Minimizing Human Error in Data Center Operations
March 18, 2015
Written by Joseph Parrino

Wouldn’t it be nice to be able to create a clockwork data center where you get the system up and just let it run? You wouldn’t have to worry about potential system failures, power outages, or hacker attacks. Unfortunately, managing a data center requires ongoing vigilance by human operators, which means that data center management is subject to human error.

Human bias can be one of the biggest threats to the data center. People make mistakes, especially when under pressure. When faced with a problem or a crisis the human tendency is to apply what you think you know to address the problem at hand. I noted in a 2013 T5 Data Centers blog I wrote about overconfidence, bias, and Recency Effect that people tend to be overconfident and have short memories, which tend to lead to wrong decisions. More often than not, those human biases lead to errors, so understanding human bias is the first step in minimizing the impact of the human element in data center management.

Human Bias in the Data Center

Psychologists have identified a number of cognitive biases that we all share that can have a direct impact on decision-making. These cognitive biases tend to get in the way of rational assessment and lead to incorrect assumptions based on past or anticipated experience.

Good data center management is built on tested protocols and procedures, and those protocols are subject to cognitive bias. If a system changeover or response becomes a “routine” procedure, it can become more difficult to anticipate and address what is not routine.

There have been hundreds of cognitive biases catalogued by psychologists so let’s consider a few that can interfere with good data center decision-making:

  • The Anchoring Effect – Also known as the relativity trap, this describes the tendency to compare and contrast a limited set of items rather than assessing a broader spectrum. For example, if an item is on sale it seems a bargain compared to the normal price, but you are not comparing it to the universal price for the same item. The same is true in the data center. You tend to look at performance metrics in terms of recent highs and lows, ignoring the larger spectrum.
  • The Gambler’s Fallacy – The gambler’s fallacy is the false belief that an occurrence that has happened in the past is likely to happen in the future. The most common example is a coin toss. If a coin comes up heads five times out of six, the fallacy is to assume that it has a tendency to come up heads when the odds remain exactly even. In the data center, assuming that the same failure is likely to happen again because it occurred once or twice before could lead to errors.
  • Neglect of Probability – In this instance, you just ignore probability altogether. For example, you ignore the statistics which show that wearing a seatbelt is safer, rationalizing that it might be harder to get out of a smashed vehicle with your seatbelt fastened, or believing the relatively few stories of survival where someone was thrown from the vehicle. Consider the same argument used to rationalize a server failover or systems backup – just because it never failed doesn’t mean you ignore the protocol.
  • Observational Selection Bias – Your perception changes based on recent experience. For example, if you just bought a new car, suddenly you are aware of everyone who drives that same make and model. The number of cars hasn’t increased, only your perception has changed. You could experience the same phenomenon once you start hunting for gremlins you expect to see in the data center.
  • Negativity bias – People tend to dwell on bad news. Consider, for example, that the amount of crime and violence may be decreasing, but access to more media sources give the perception that things are worse. The same can apply in the data center.

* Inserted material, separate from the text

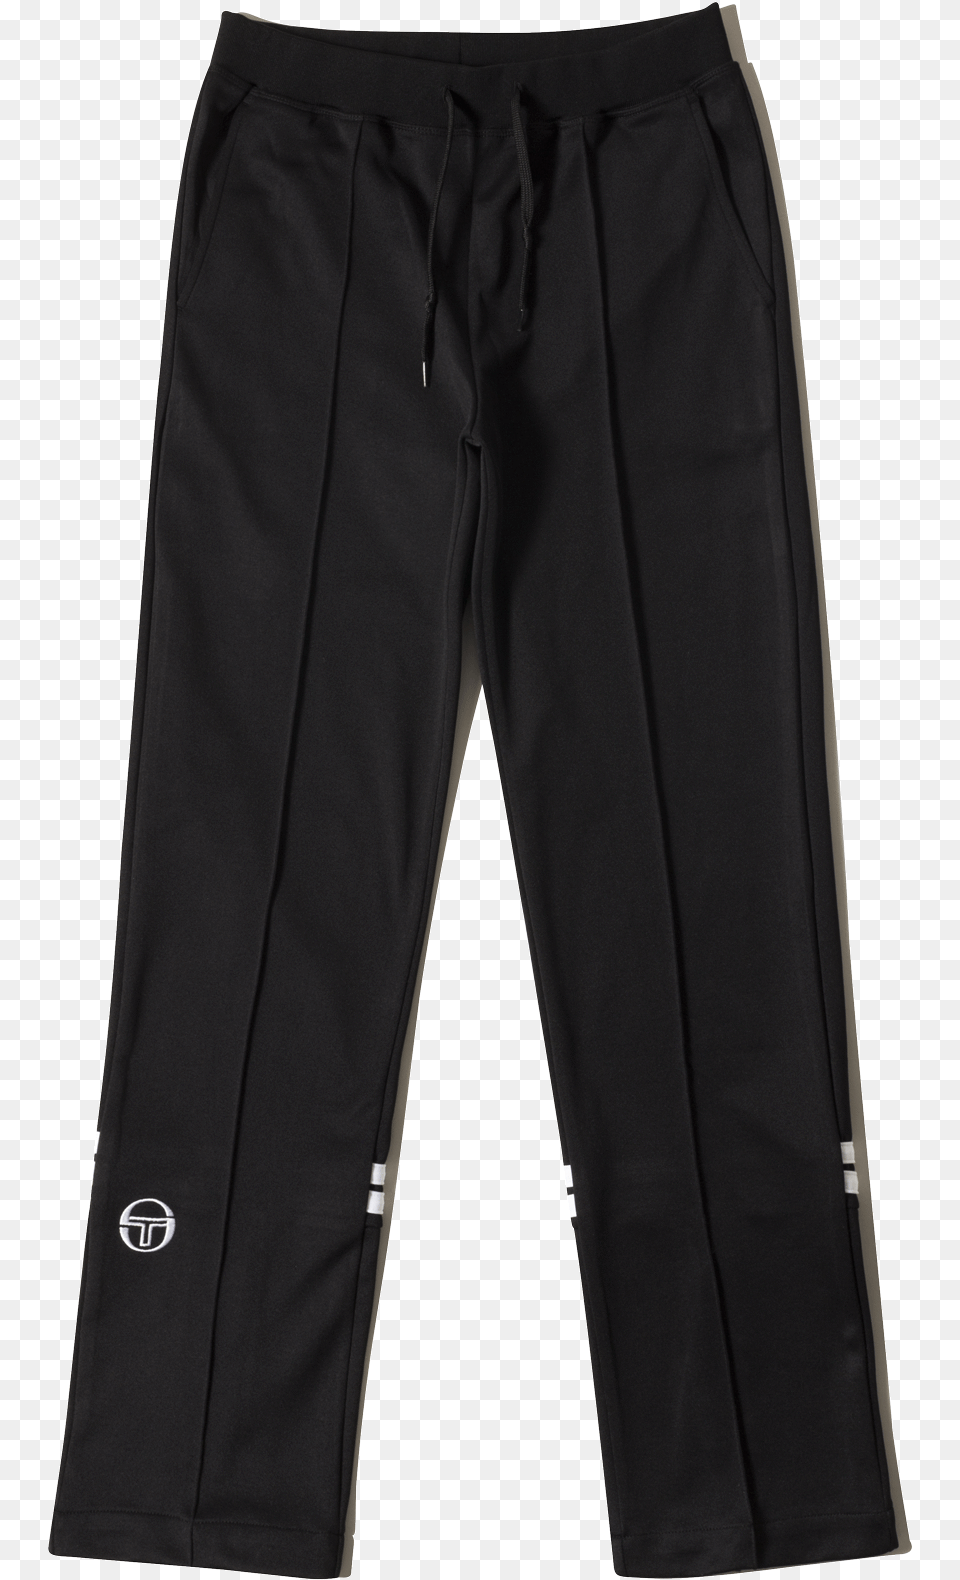 Black Jeans Transparent Background, Clothing, Pants, Shorts, Coat Png Image

If you dwell too much on what fails, you overlook what is working (and what may fail later).

Minimizing Human Error in the Data Center

Even IT professionals can fall victim to cognitive bias, but there are steps you can take to ensure that human error doesn’t interfere with effective data center management:

  1. Rely on your tools – Chances are that you will be familiar with the data center hardware and know how it is supposed to perform. Don’t rely on your assumptions. Use the tools at hand to measure performance and, more importantly, rely on the data provided. Use the objective data you have, not what you think you know.
  2. Apply automation – Using technology to manage routine predictive failures is one way to eliminate human bias. Trending performance indices with respect to time is a very effective means of predicting impending failure. However, you still need human experience to program the technology and determine what to look for.
  3. Develop written protocols – Having well-defined protocols and procedures eliminates errors. Be sure to have well-documented protocols for common problems and failures. Of course, you can’t predict every kind of problem, but you can create procedures to isolate an infected server or switch to a backup system while you triage the primary failure.
  4. Practice makes perfect – Review recovery protocols regularly and train on new systems and new procedures.

Using past experience to predict potential future failures has its value. However, your best defense against data center failures is maintaining some healthy skepticism. Strive to remain observant and objective. Don’t trust only what you know, but rely on external indicators to guide diagnostics. If you can strike a balance between automation, well-defined protocols, and experience, tempered with a little healthy skepticism, you will be able to deal with almost any data center problem.

What’s your strategy for minimizing the impact of human bias in the data center?